The Future Mapped Out:
The two maps represent the same low-lying area of coastal land - a 'four by three' grid of twelve square kilometres - surveyed approximately forty years apart. The location is the northern part of the Naze Peninsula, ending at Stone Point and often referred to as the "Northeast Corner" - with the town of Walton to the south and the Harwich Estuary to the north.
Comparing these maps graphically illustrates the rate of erosion of the coastline over the forty year period. Both show the low water line and the amount of beach that faces the North Sea. (The beach is important to this area because it helps to take the erosive energy out of the waves as they drive against the northeast-facing land from the often stormy sea conditions.) You can see that the more recent map shows a greatly reduced beach width and therefore an increased vulnerability to sea erosion. If you look at the land itself towards the tip of the peninsula - Stone Point - the more recent maps shows a thinner strip of land as it tapers to this point.
Experts believe that this diminishing strip of land is all that protects the Walton Backwaters from becoming a sea and parts of the town of Walton from becoming flooded should a storm surge happen like the one that occurred in 1953. It is therefore vitally important that this land is protected at all costs. The price of negligence would be catastrophic - both ecolgically and economically.

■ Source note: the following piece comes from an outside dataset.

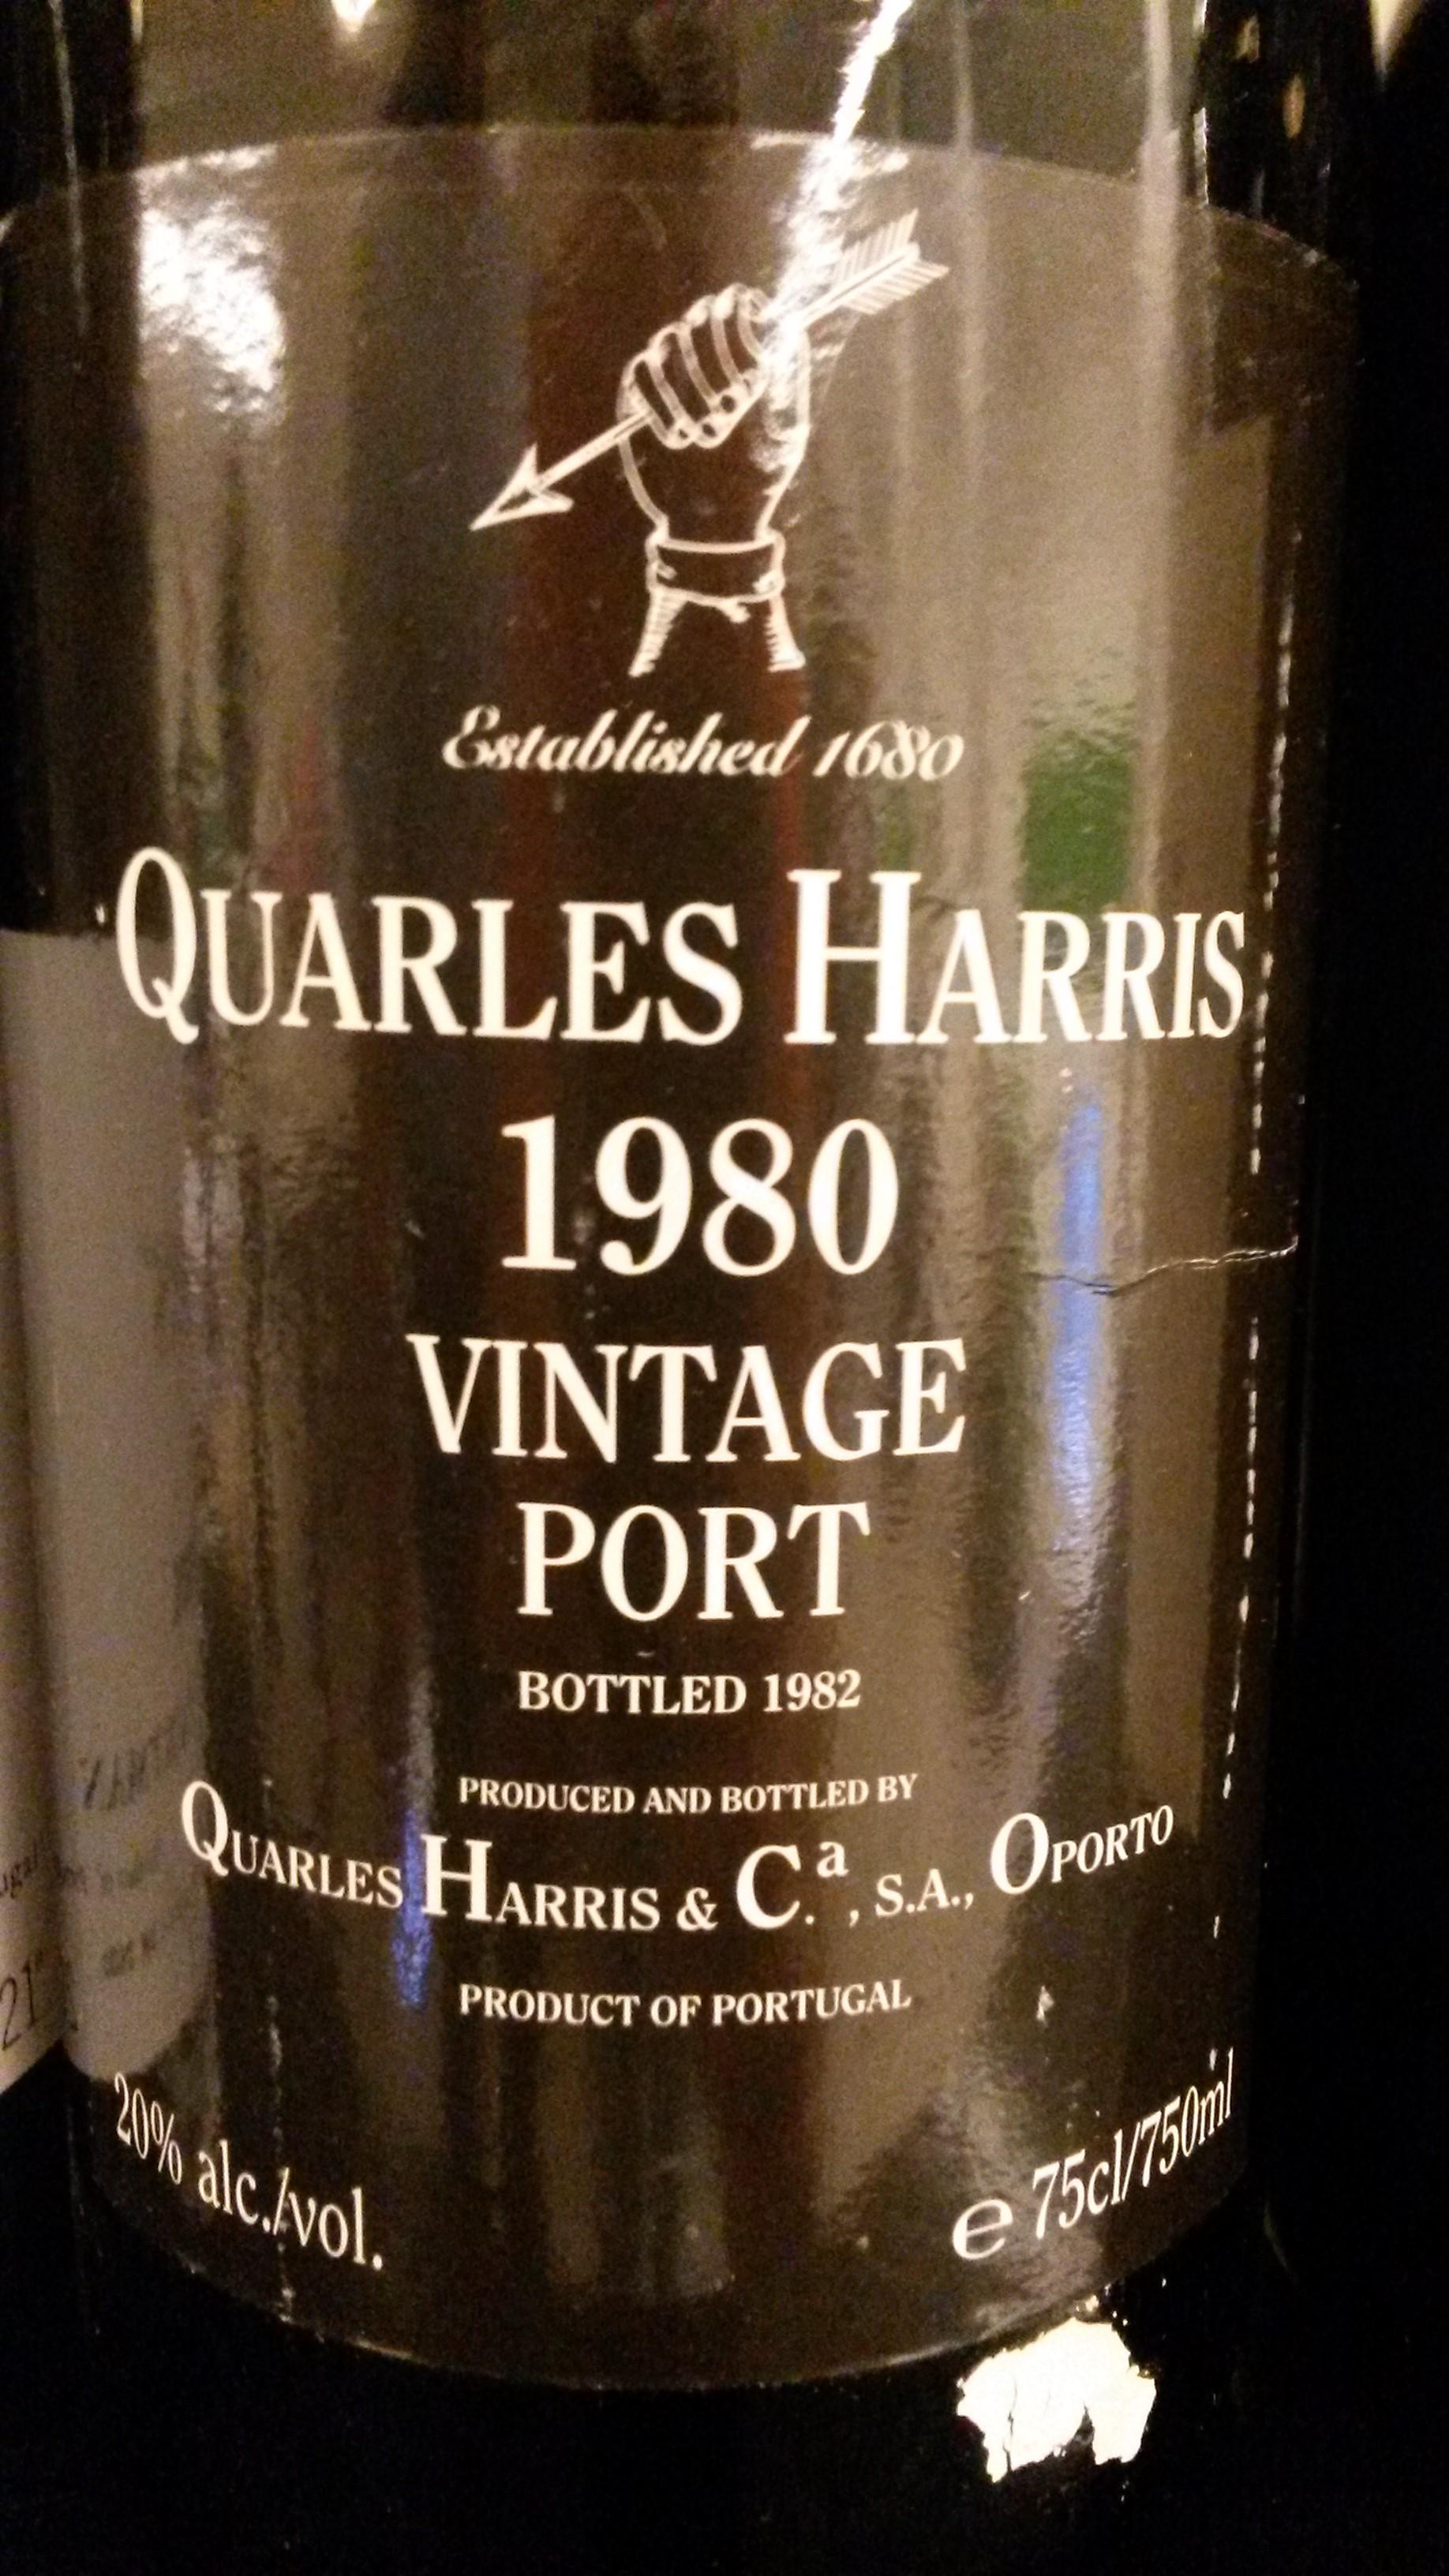 Quale Harris 1980

One of the principal reasons why the Naze beach is disappearing so fast is the failure to maintain man-made sea defences that were introduced by the Victorian engineers who helped to create 'Seaside Britain' nearly one hundred and fifty years ago. They did this by building a series of beach groynes and sea walls all around the country. The Naze has lost between thirty and forty of these structures since the Second World War due to a series of land ownership changes and govermental bureaucratic indecision at both local and national level.

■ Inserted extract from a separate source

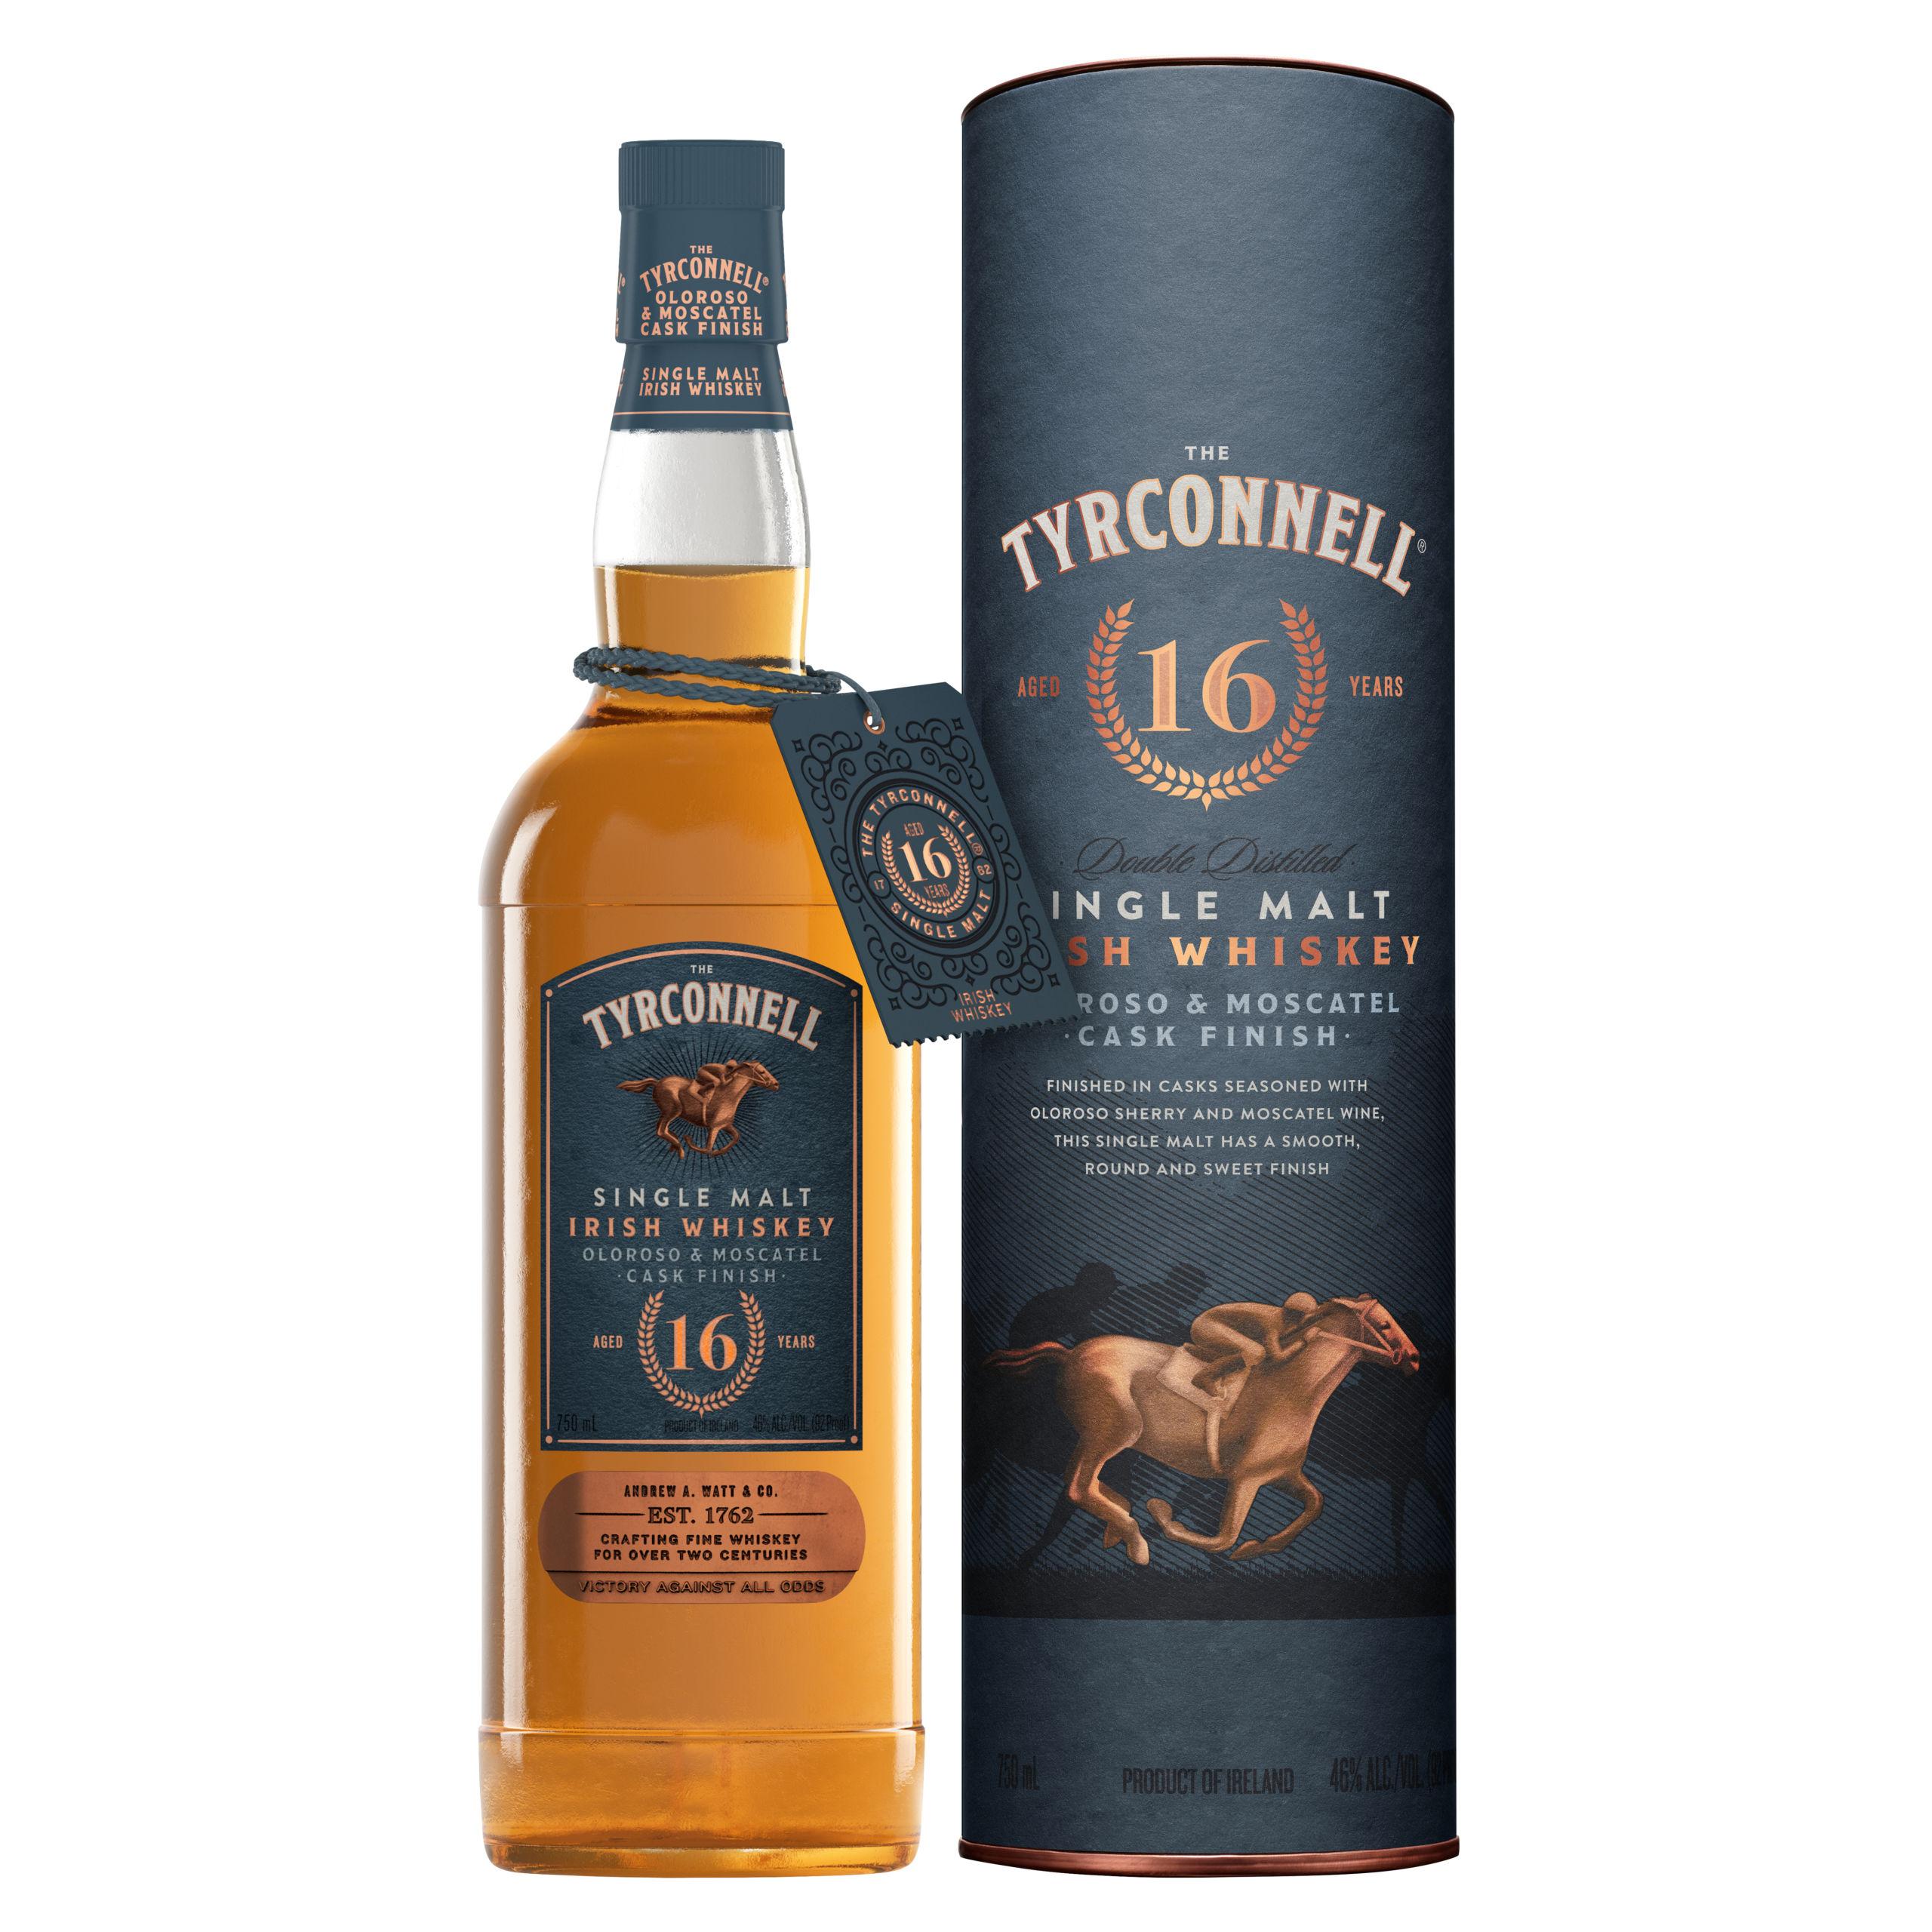 16 Year Old Single Malt Oloroso & Moscatel Cask Finish Irish Whiskey

Near the bottom of the maps are the outlines of what is left of one of the most important of these structures - the Tamarisk Sea Wall. This used to help stop the northerly movement of sand and shingle that now ends up in the Harwich Channel via the shallow bay - Pennyhole Bay - between this deep ship channel and Stone Point. On the more recent map the wall is now marked with a dotted line, since the structure has now all but been allowed to disappear.
You can see from this later map that a parallel embankment has been built further inland - but this has far less protective capability. However, on the older map the outline of the Tamarisk Wall is still clear and distinct. In 1946 it still offered effective protection against the loss of beach material that is now taking place at an increasingly alarming rate. Stone Point is - in effect - vanishing.
Almost half the saltmarsh habitat has since been lost - and the rate of erosion is more than twice that of the Naze cliffs to the south.
It seems pretty clear that unless something is done very soon about rebuilding - or redesigning - the sea defences along this part of the Naze coastline, then the future of both the rural habitat and the urban infrastructure in this part of Essex is threatened with destruction.